The Fortune Magazine has been producing annually a list of companies that are most admired in the USA. These companies are selected based on the judgments of 10,000 executives, business leaders and security analysts. One study compared the stock performance of the portfolio of the most admired companies with the S&P index. It was found that the Fortune list returned an average of 17.7% compared to 13% for the S&P 500 index. All the companies in the Fortune magazine list are stable companies so the difference in the rates is not explained by any risk premium. For the details of the analysis, see http://www.economics.pomona.edu/GarySmith/FortuneAdmired.pdf
The key to successful stock-picking is checking facts against the majority opinion and you will find information that others have missed. Of the list of “gurus” we had discussed earlier, Ken Fisher is the most successful because he trusts his own analysis. He discusses how he checks out commonly held views and comes up with an idea that is uniquely his. For more, see http://www.financial-planning.com/pubs/fp/20061101025.html
Stock-picking involves two simple decisions which are the same for buying any product or service. One, does the stock have value or does the company have the ability to perform better than its competitors in the same industry? A related question is whether the company is part of an industry which does better than other sectors in the economy. Two, is the price of the stock equal to its intrinsic value or the discounted value of its expected future earnings? It’s a no-brainer that anybody should buy stocks with high value and low prices and we will find out this is the least implemented practice.

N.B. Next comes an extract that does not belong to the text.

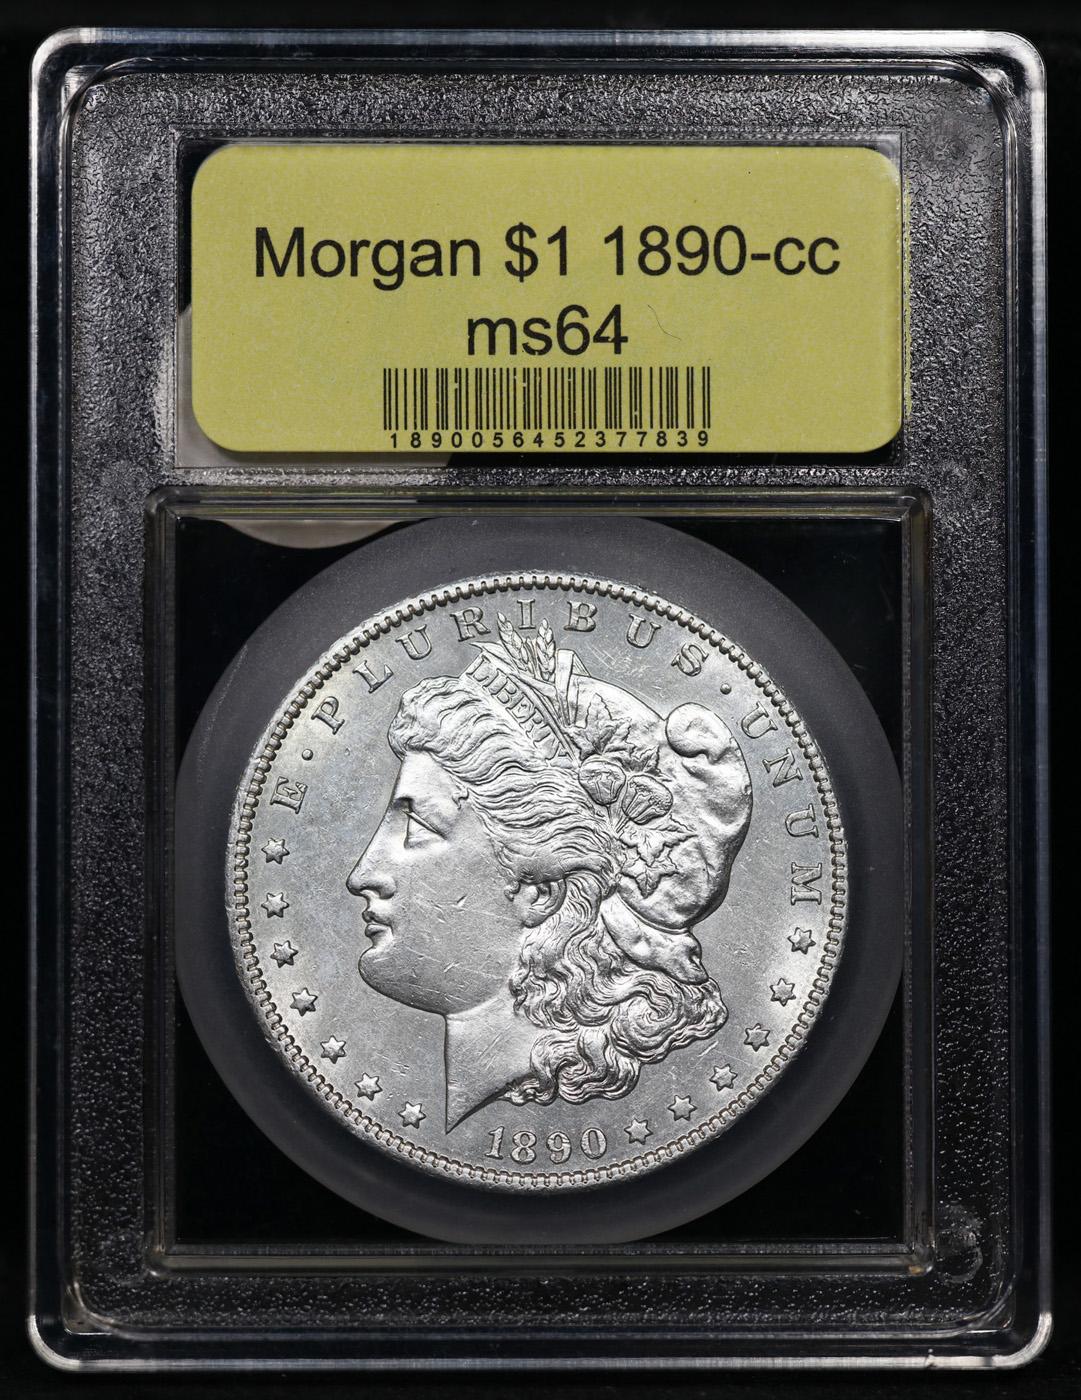 ***Auction Highlight*** 1890-cc Morgan Dollar $1 Graded Choice Unc By USCG (fc)
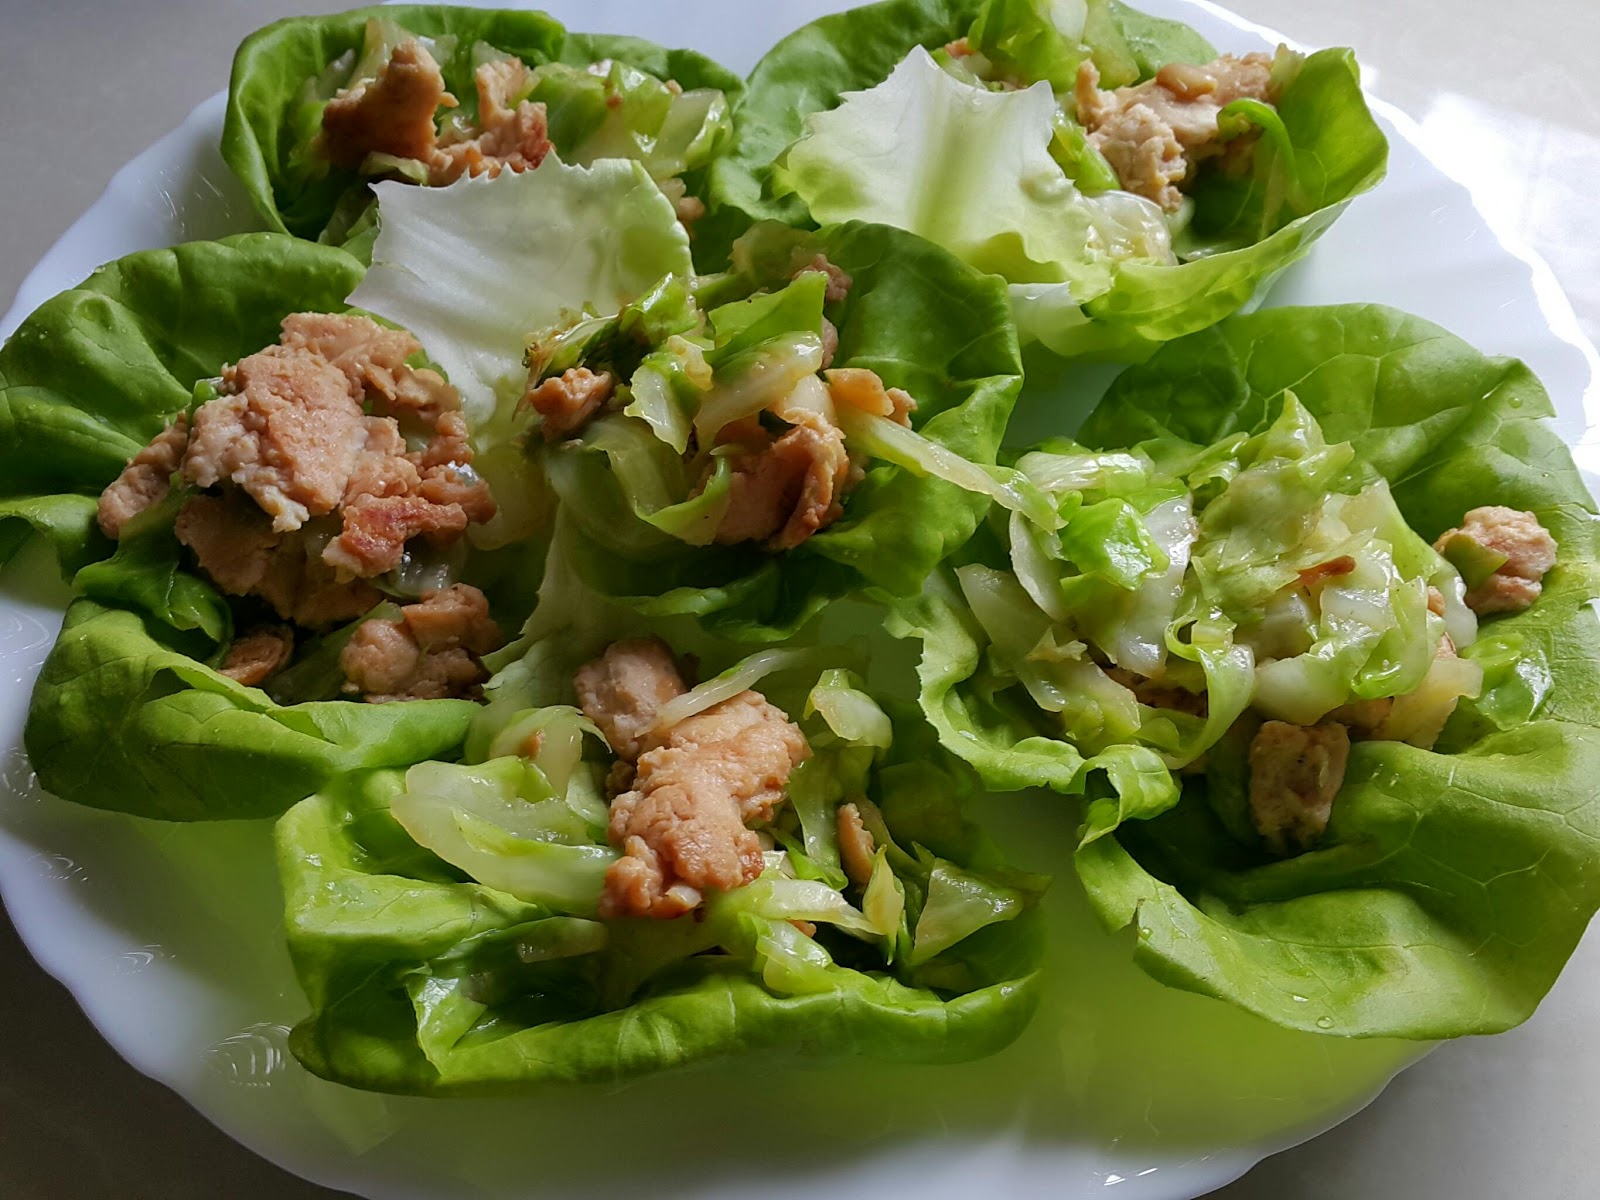 Cerita Yna: Resepi Sihat : Salad Gulung Ayam (Chicken

One source for screening for sectors and well performing companies is http://www.equitytrader.com/structure/default.php. Click Yields to get a selection of companies that yield high income. You can also look for sector with a substantial difference between the potential and actual performance for finding high growth companies. We had cited sources earlier which will help you to identify companies that are under-priced and growing fast. While fundamental analysis is a poor guide to future growth, it is not hard to find data to confirm whether the target company has higher than average growth rate. To judge whether the performance is going to be sustained, look at the news about what the company is doing to launch new products and find new markets.
Companies have to not only grow fast but they have to be also perceived to be growing fast. Here is where technical analysis proves useful even though this method is also imperfect. While technical analysis is not useful in forecasting the future, it does help to track where market perceptions are moving. Any unusual increase in volumes or a breakaway from trend indicates that the traders are changing their view of the company. You can confirm this by listening carefully to the news. Also, data on insider trading is a solid measure of the assessment of company executives about the prospects of their company. This information is readily available at http://finance.yahoo.com/q/it?s=msft.
The reason why people don’t make money lies in psychology: group think. Most of us look our shoulders and see what stocks others are picking and lemming like follow them. Recall the Internet bubble when everybody bought money losing stocks and literally sank in the sea of loss. Most managers in mutual fund companies don’t want to take decisions their colleagues will not like and choose to pick underperforming stocks everybody approves of rather than go for the winning ones which their peers don’t like.
The Internet provides all the resources an independent investor needs to make good decisions. It also has discussion sites where you can brainstorm ideas. Why pay financial advisors to make your picks. If you lose, you will learn enough from the loss to eventually profit from a success.